Freddie Gray in Baltimore: Another City, Another Death in the Public Eye


Protests in Baltimore on Tuesday over the death of Freddie Gray included Mr. Gray’s mother. Credit Matt Roth for The New York Times





NY TIMES


In life, friends say, Freddie Gray was an easygoing, slender young man who liked girls and partying here in Sandtown, a section of west Baltimore pocked by boarded-up rowhouses and known to the police for drug dealing and crime.

In death, Mr. Gray, 25, has become the latest symbol in the running national debate over police treatment of black men — all the more searing, people here say, in a city where the mayor and police commissioner are black.

Questions are swirling around just what happened to Mr. Gray, who died here Sunday — a week after he was chased and restrained by police officers, and suffered a spine injury, which later killed him, in their custody. The police say they have no evidence that their officers used force. A lawyer for Mr. Gray’s family accuses the department of a cover-up, and on Tuesday the Justice Department opened a civil rights inquiry into his death.

But as protests continued Tuesday night — with hundreds of angry residents, led by a prominent pastor and Mr. Gray’s grieving family, chanting and marching in the streets — the death has also fueled debate on whether African-American leadership here can better handle accusations of police brutality than cities like Ferguson, Mo., and North Charleston, S.C., with their white-dominated governments.

Police Commissioner Anthony Batts spoke at a news conference on Monday, joined by Mayor Stephanie Rawlings-Blake. Credit Kevin Richardson/The Baltimore Sun, via Associated Press

This week the mayor and police commissioner have appeared repeatedly in public promising a full and transparent review of Mr. Gray’s death. On Tuesday, the police released the names of six officers who had been suspended with pay, including a lieutenant, a woman and three officers in their 20s who joined the force less than three years ago. Officers canvassed west Baltimore, looking for witnesses.

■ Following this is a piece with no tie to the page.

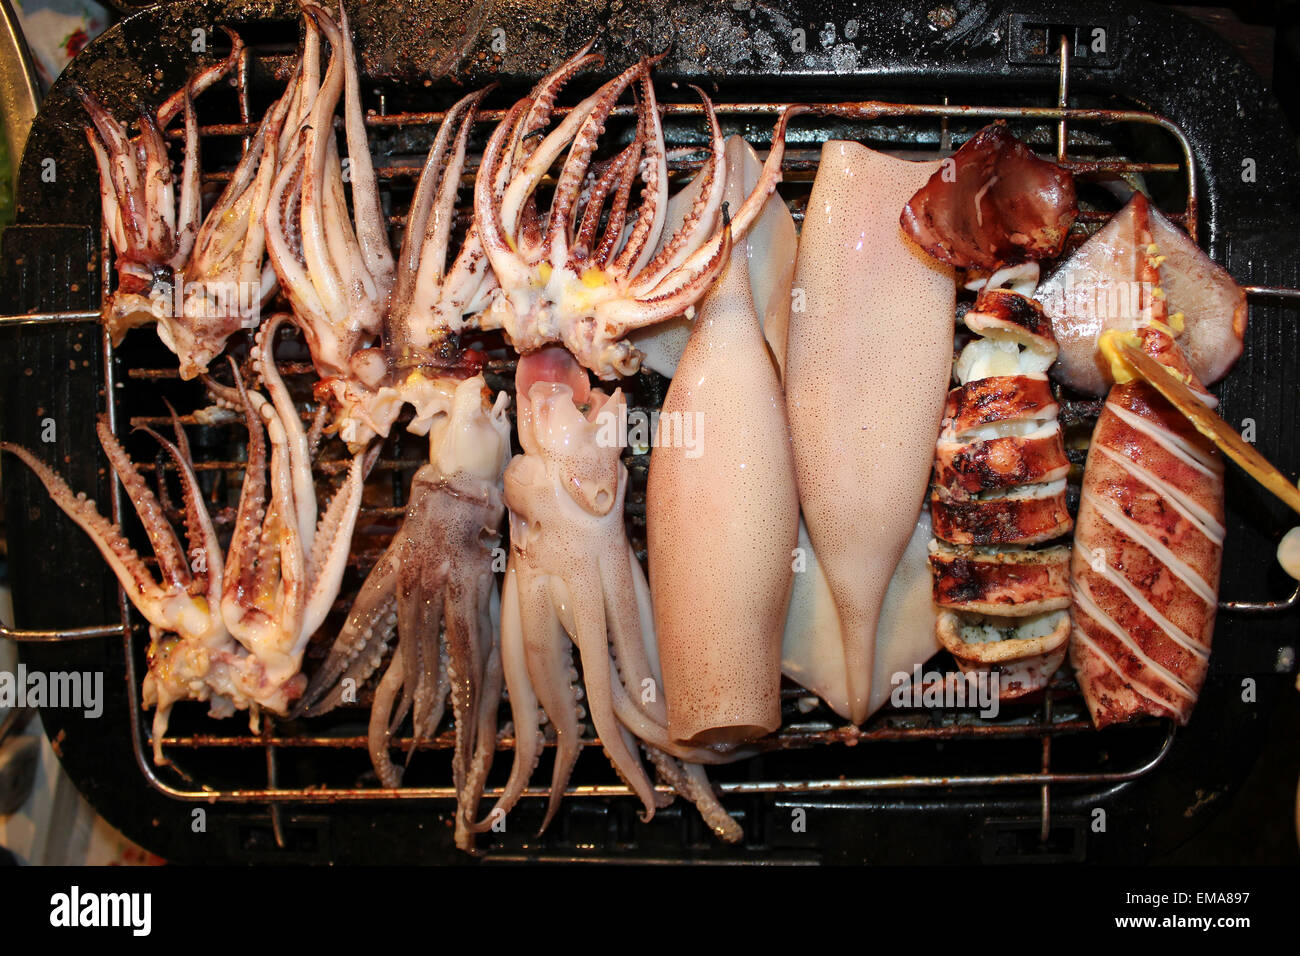 Squid Grilling On Barb-b-que Stock Photo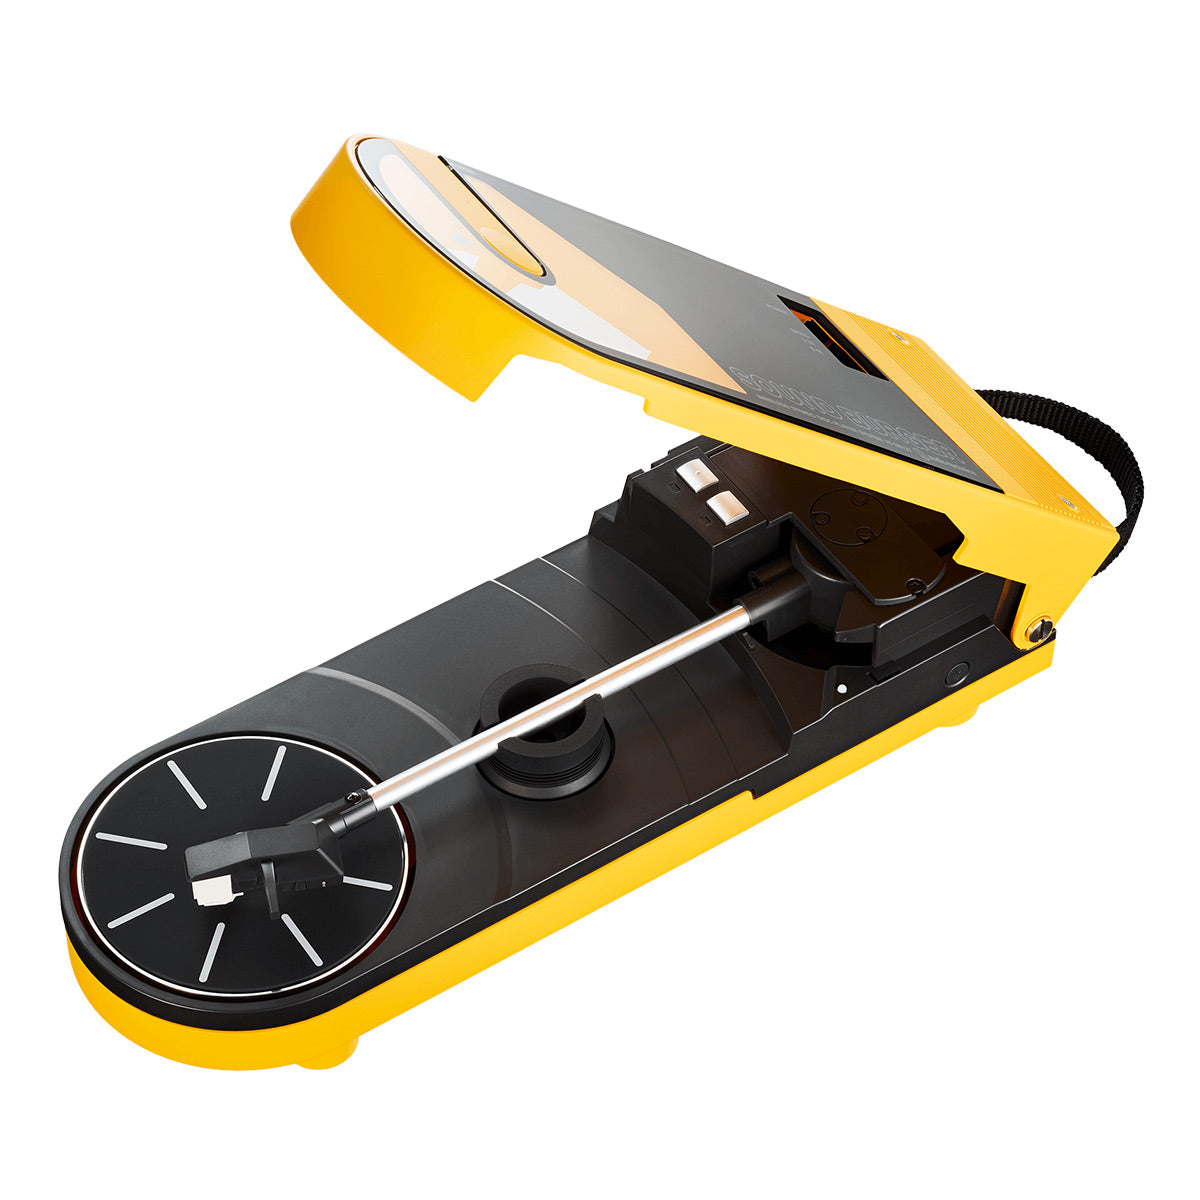 Audio-Technica AT-SB727 Sound Burger Portable Turntable with Bluetooth (Yellow)

In 2006, the N.A.A.C.P. and the American Civil Liberties Union sued the city, alleging a broad pattern of abuse in which people were routinely arrested without probable cause. The city settled in 2010 for $870,000, agreed to retrain officers and publicly rejected “zero-tolerance policing.” Ms.Stephanie Rawlings-Blake became mayor that year.

In 2012 she brought in Mr. Anthony Batts, who had run the police department in Oakland, Calif. In 2013, he proposed that police officers wear body cameras to capture encounters like the one that injured Mr. Gray; plans are now in the works for a pilot project.


Ms. Rawlings-Blake has also eliminated a police unit that had a reputation for treating suspects harshly. Last year, she and Mr. Batts asked the Justice Department to investigate after The Baltimore Sun reported that taxpayers had paid nearly $6 million since 2011 in judgments or settlements in 102 lawsuits alleging police misconduct. That investigation is ongoing.

Mr. Gray was stopped early on the morning of April 12 after a police lieutenant made eye contact with him and he ran away. That lieutenant was one of the six officers who were suspended. 

A police officer stood guard at the Baltimore Police Department's Western District. Six officers were suspended Tuesday amid protests over the death of Freddie Gray. Credit Matt Roth for The New York Times

 At a news conference Monday, Deputy Police Commissioner Jerry Rodriguez said Mr. Gray “gave up without the use of force.” Mr. Gray, who was apparently asthmatic, then asked for his inhaler, but he did not have one; he was conscious and speaking when he was loaded into the van to be taken to the police station, Mr. Rodriguez said.

In Mr. Gray’s neighborhood, which is adjacent to a public housing development called the Gilmor Homes, people remembered him Tuesday as a likable young man who sometimes got into trouble with the law — Maryland court records show he had at least two arrests for drug-related charges since December.

Mr. Gray had a twin sister, and a brother who died, friends say, and he also suffered lead poisoning as a child. They are furious about his death, and particularly about police conduct.


“He wasn’t out causing any trouble,” said Roosevelt McNeil, 26, who had known Mr. Gray since Mr. Gray was a child. “He had some arrests, but he wasn’t a big drug dealer or something like that. He was a great guy over all — he didn’t deserve to be handled like that. Why won’t the cops say how they ended up going after him, from that to him having his neck broken?”